Some of the leading vendors of AI solutions to the Consumer Goods industry include Afresh Technologies, AI Palette, AMP Robotics, Basler, Black Dawn Data, EverestLabs, Eversight, Mastercard (Dynamic Yield), Nuro, o9 Solutions, Pluto7, Starship Technologies, Symbotic, and Tastewise. These vendors offer AI technologies and platforms that cater to the specific needs of Consumer Goods companies, enabling them to leverage AI capabilities effectively.
5. Which areas of artificial intelligence (AI) should Consumer Goods companies invest in?
Consumer Goods companies should consider investing in areas such as human-AI interaction, computer vision, and conversational platforms. These technologies can enhance customer experience, improve quality assurance processes, and optimize supply chain operations. Additionally, investing in data management and foundational AI capabilities can enable companies to leverage AI-powered data analytics for better decision-making and personalized marketing strategies.
6. What are the challenges with adoption of artificial intelligence in Consumer Goods?

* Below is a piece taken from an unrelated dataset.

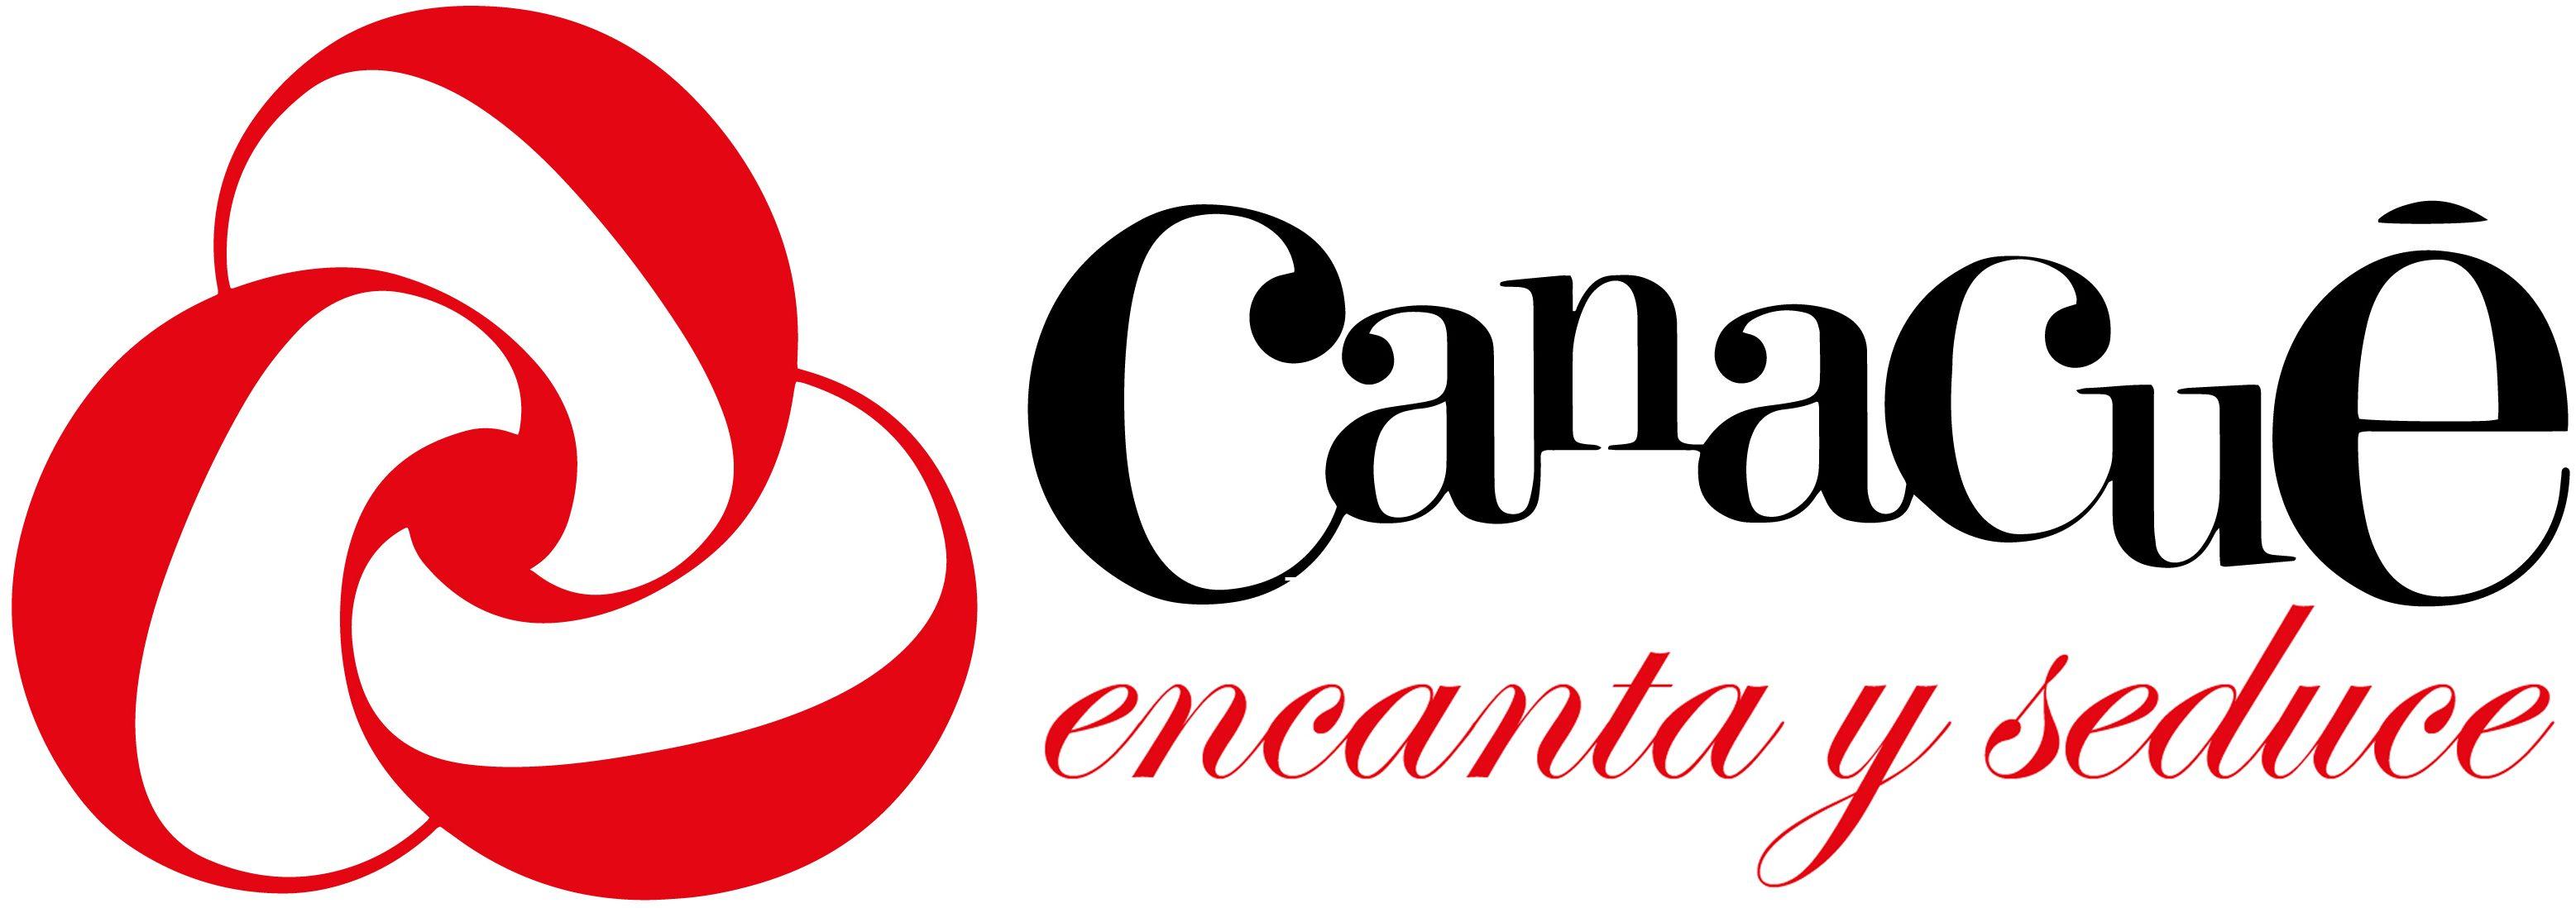 Canacue – Tienda Virtual
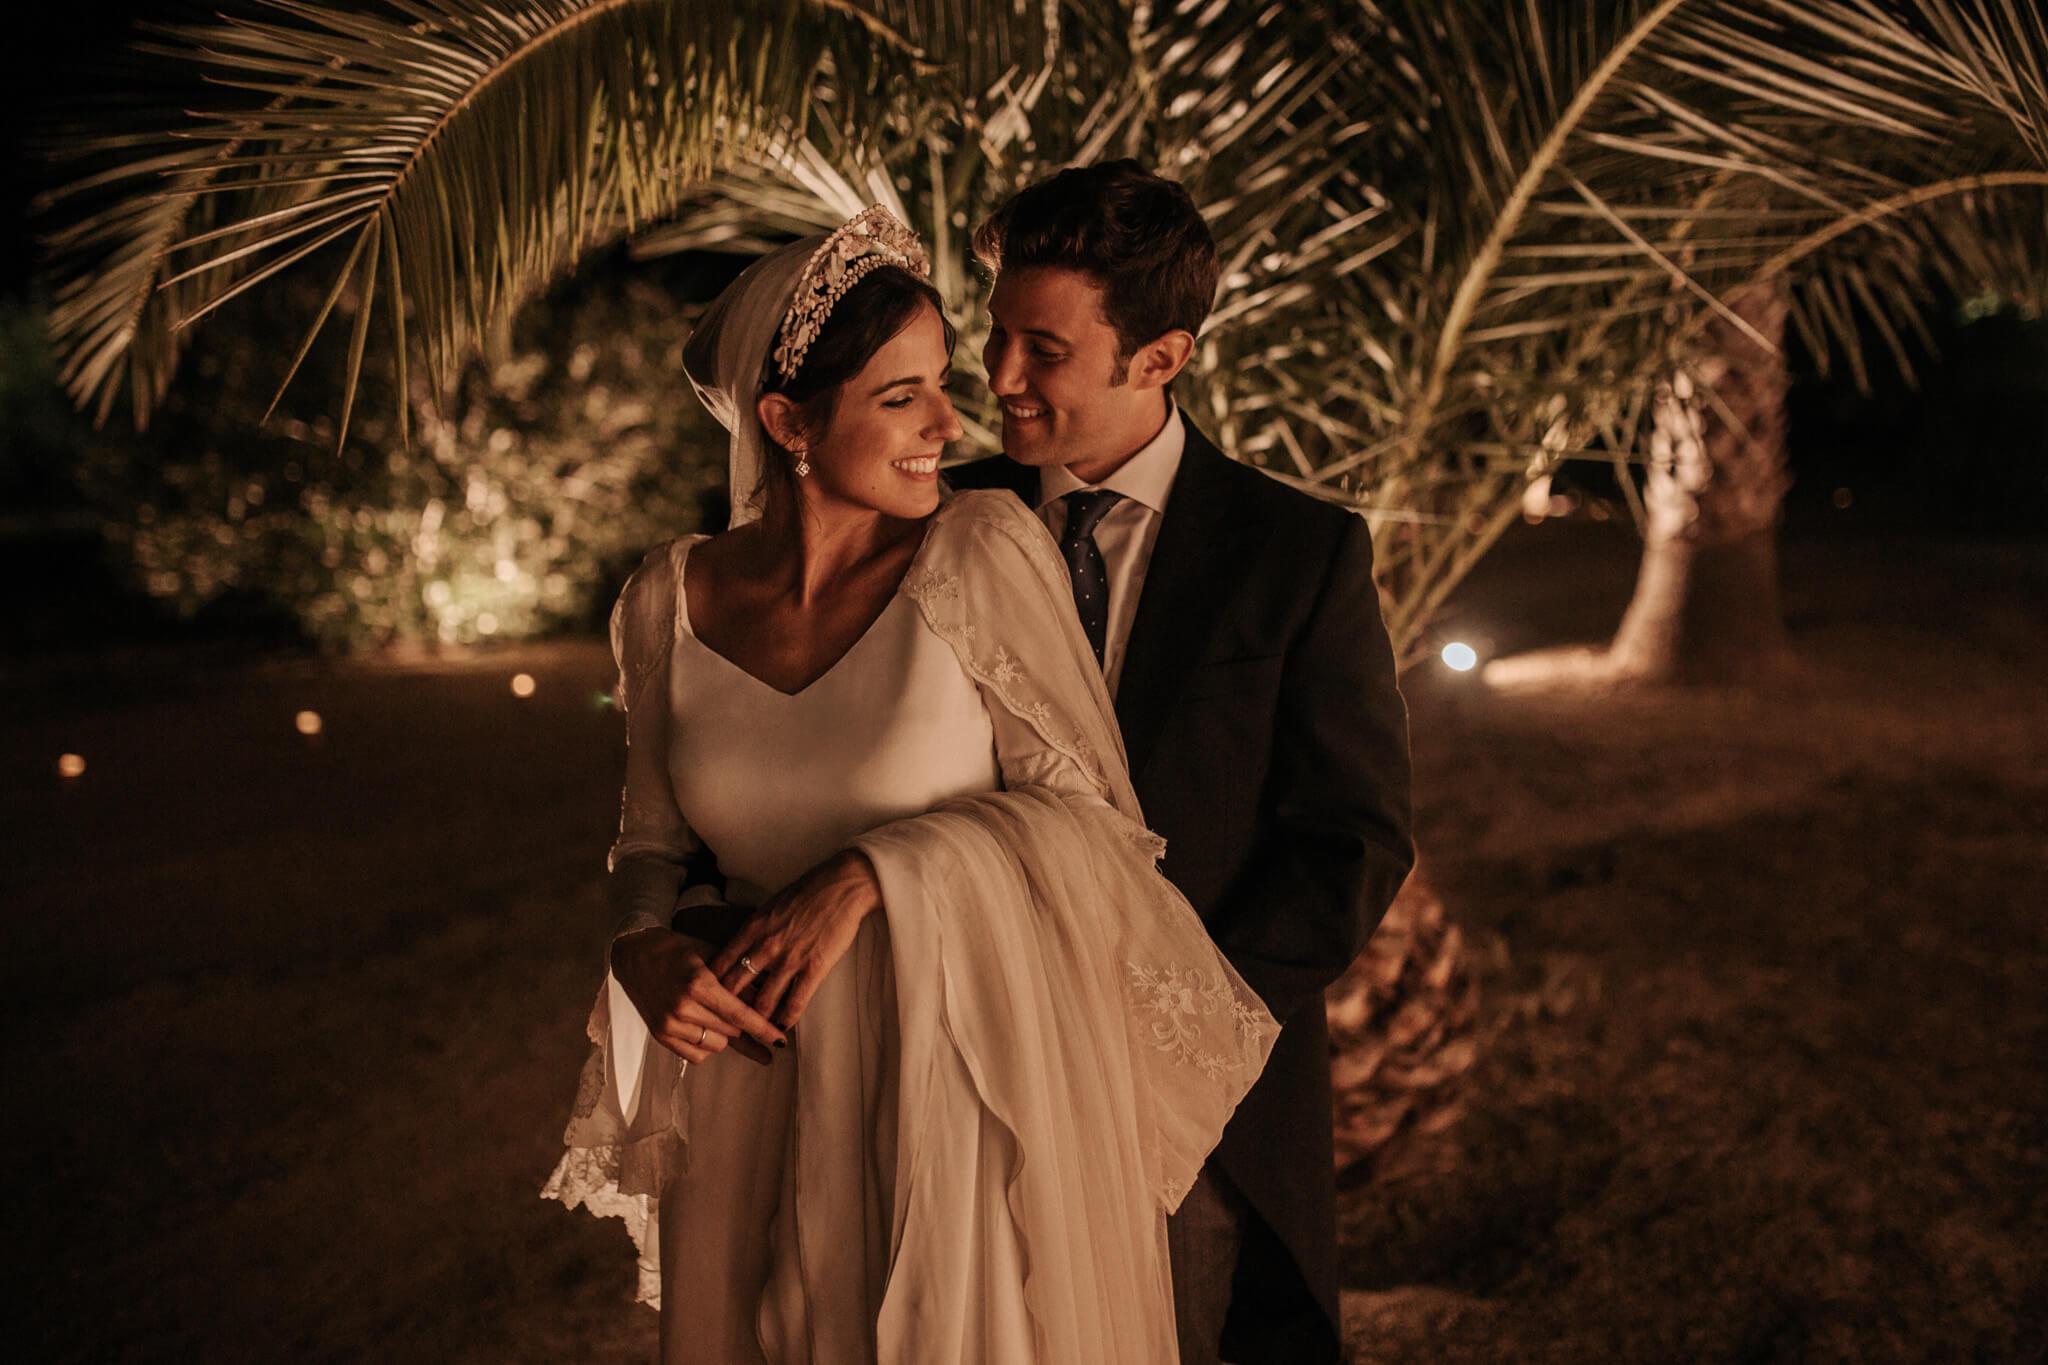 fotografia-boda-marta-carlos-concorazon-134

The adoption of artificial intelligence in the Consumer Goods industry comes with certain challenges. One challenge is the cost associated with building AI models. Another challenge is the need for regulation and proper management of open-source models to ensure data privacy and security. Additionally, companies may face challenges in training natural language processing models with their own data. Overcoming these challenges requires a corporate strategy that addresses potential risks and focuses on effective utilization of AI technologies.
7. What is the projected market size of artificial intelligence in Consumer Goods?
The projected market size of artificial intelligence in the Consumer Goods industry is estimated to grow at a compound annual growth rate (CAGR) of 35.2% between 2022 and 2030. The increasing adoption of AI technologies across the Consumer Goods sector, driven by the need for operational efficiency and enhanced customer experience, is expected to contribute to the significant growth of the market.
8. Which Consumer Goods companies are laggards in artificial intelligence adoption?
Some of the Consumer Goods companies that are considered laggards in artificial intelligence adoption include BAT, Brinker, Darden Restaurants, Dine Brands Global, Doctor's Associates (Subway), Elopak, International Paper, Jollibee Foods, Owens-Illinois, Philip Morris International, Imperial Brands, Wendy's, and Whitbread. These companies have been slower in adopting AI technologies compared to their industry peers.
9. Who are the leading specialist artificial intelligence vendors in Consumer Goods?
Leading specialist artificial intelligence vendors in the Consumer Goods industry include companies like Afresh Technologies, AI Palette, AMP Robotics, Basler, Black Dawn Data, EverestLabs, Eversight, Mastercard (Dynamic Yield), Nuro, o9 Solutions, Pluto7, Starship Technologies, Symbotic, and Tastewise. These vendors specialize in providing AI solutions tailored to the specific needs of the Consumer Goods sector, offering technologies and platforms that enable companies to leverage AI capabilities effectively.
10. What are the components of the artificial intelligence value chain?
The artificial intelligence value chain consists of five main components: hardware, data management, foundational AI, advanced AI capabilities, and delivery. The hardware component includes semiconductors, cameras, sensors, and edge equipment that support AI systems. Data management involves collecting, storing, and processing data for AI applications. Foundational AI encompasses the fundamental algorithms and models that power AI systems. Advanced AI capabilities include technologies like computer vision, natural language processing, and machine learning. Delivery refers to the deployment and integration of AI solutions into business operations, including cloud-based platforms, APIs, and service providers.